Even before the pandemic brought economic shutdown and the collapse of tourism, the outlook for Japan’s sprawling, technology-shy regional lenders did not look good.

Japan’s 100-plus regional lenders have more combined assets than the entire Italian banking system but were beginning to look like a chronic, unsolvable problem after dealing with two decades of ultra-low interest rates plus an ageing, shrinking population and a moribund regional economy.

The virus, which hit regional economies particularly hard and redoubled the lock on low rates, appeared only to make the situation worse.

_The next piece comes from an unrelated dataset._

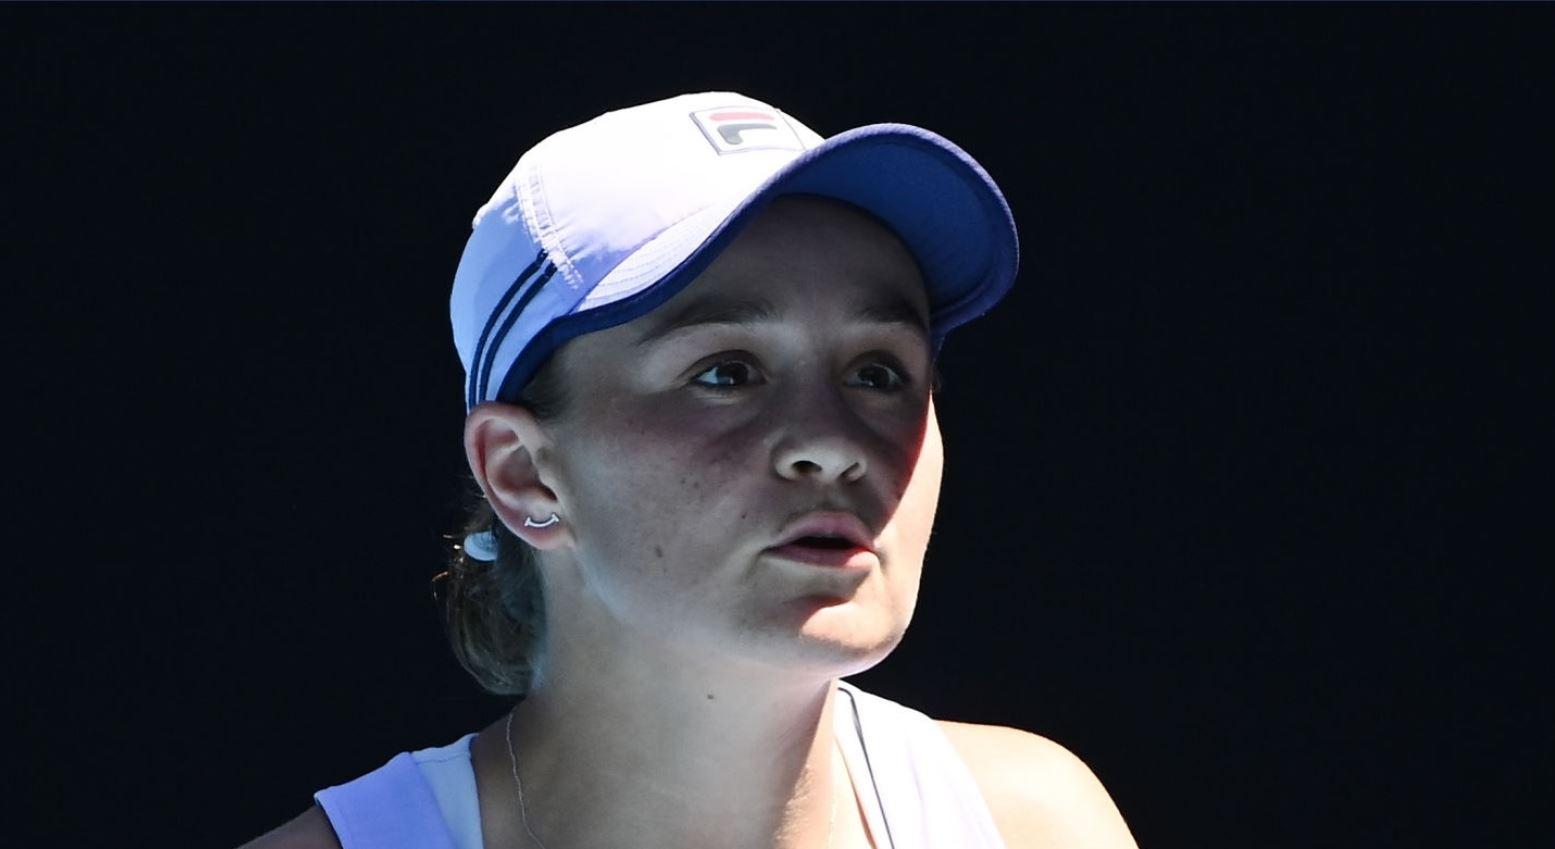 Barty - Prva igralka sveta v Adelaidu izgubila že v drugem krogu

In the longer term, however, some are hopeful that the crisis may have offered some chance of salvation by finally normalising digital transactions.

A recent report by Moody’s, the rating agency, said Covid-led acceleration was credit-positive for the sector. “Banking digitalisation will gain speed as the coronavirus outbreak leads more consumers to embrace electronic transactions,” argues analyst Tetsuya Yamamoto.

If that prediction holds true, it will be a transformation worth watching, especially as Japan’s three megabanks — MUFG, SMFG and Mizuho — have recently unveiled important partnerships with major technology companies — Grab, SBI and SoftBank respectively. 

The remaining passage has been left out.